TASK ITEM: Starting at the line below holding "THEGREENSPARKS_HEADER_DEF3.psd" and stopping at the line holding "70436 Beach Car with Canoe zoom image1", print every line exactly, both ends included, and leave the rest out.
*** WORKING DATA ***
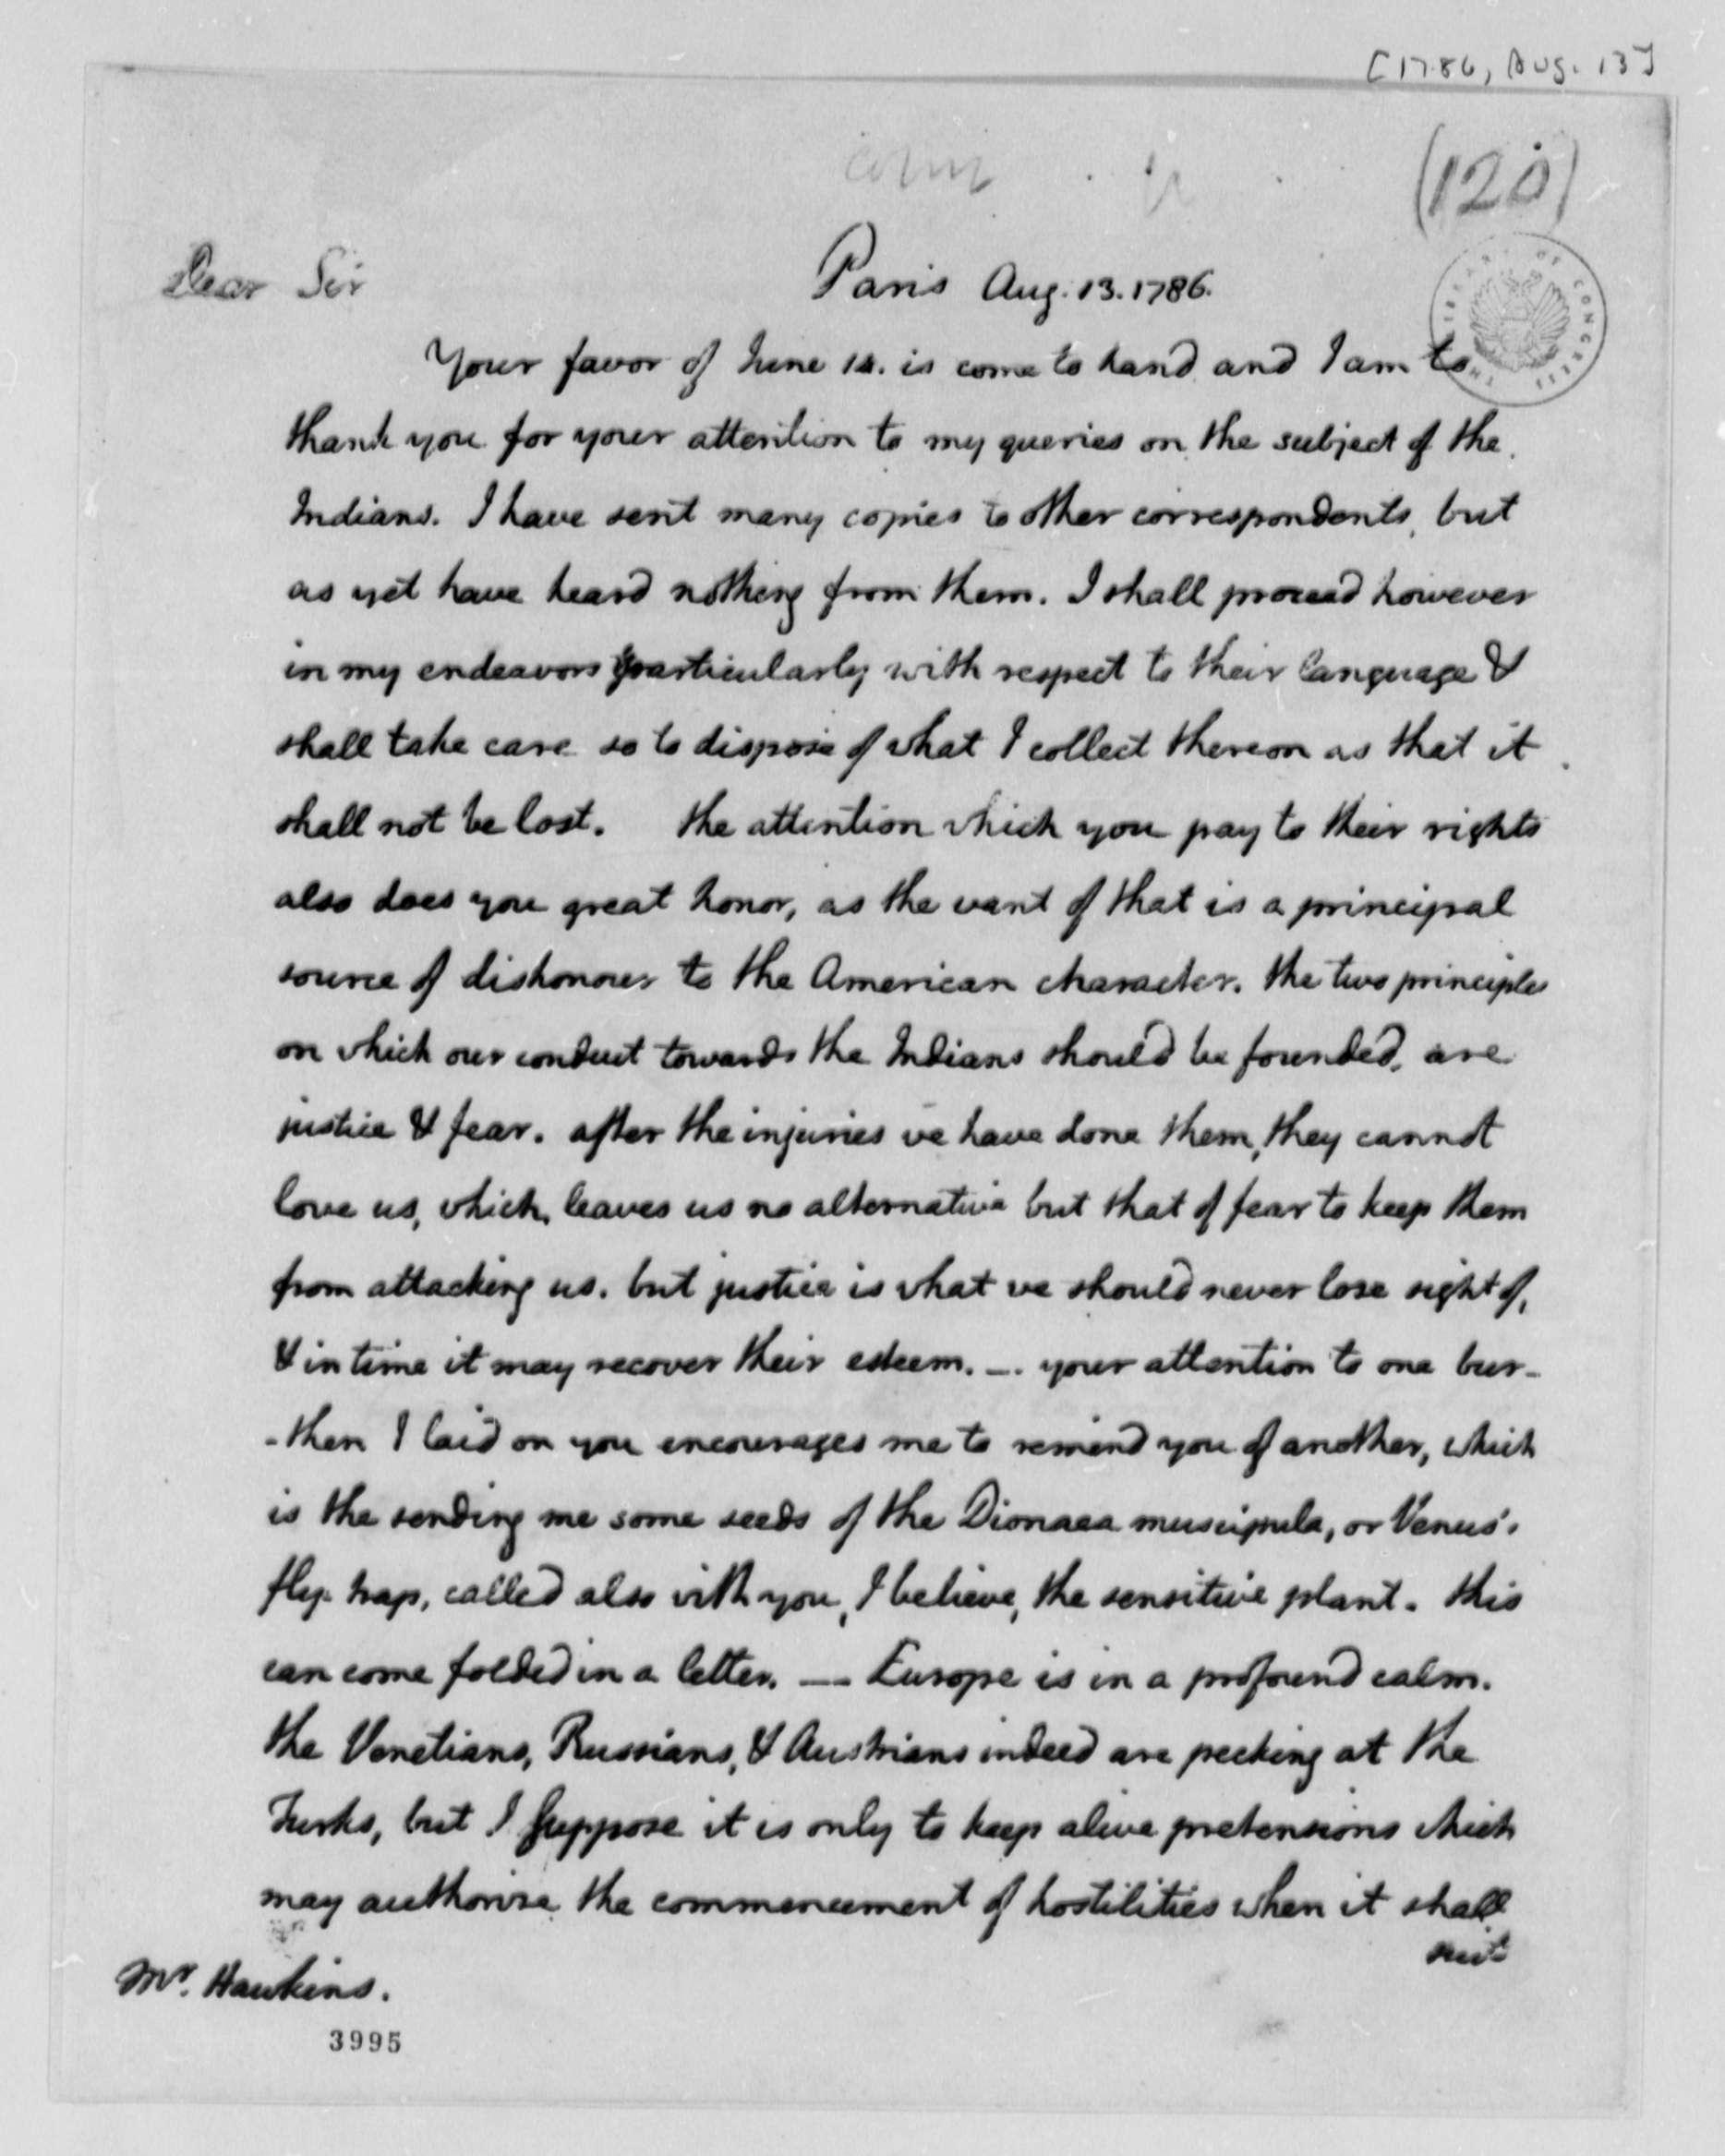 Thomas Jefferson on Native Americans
*** End of WORKING DATA ***
*** WORKING DATA ***
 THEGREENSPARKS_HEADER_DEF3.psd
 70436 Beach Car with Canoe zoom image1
*** End of WORKING DATA ***
RESPONSE AREA:
 THEGREENSPARKS_HEADER_DEF3.psd
 70436 Beach Car with Canoe zoom image1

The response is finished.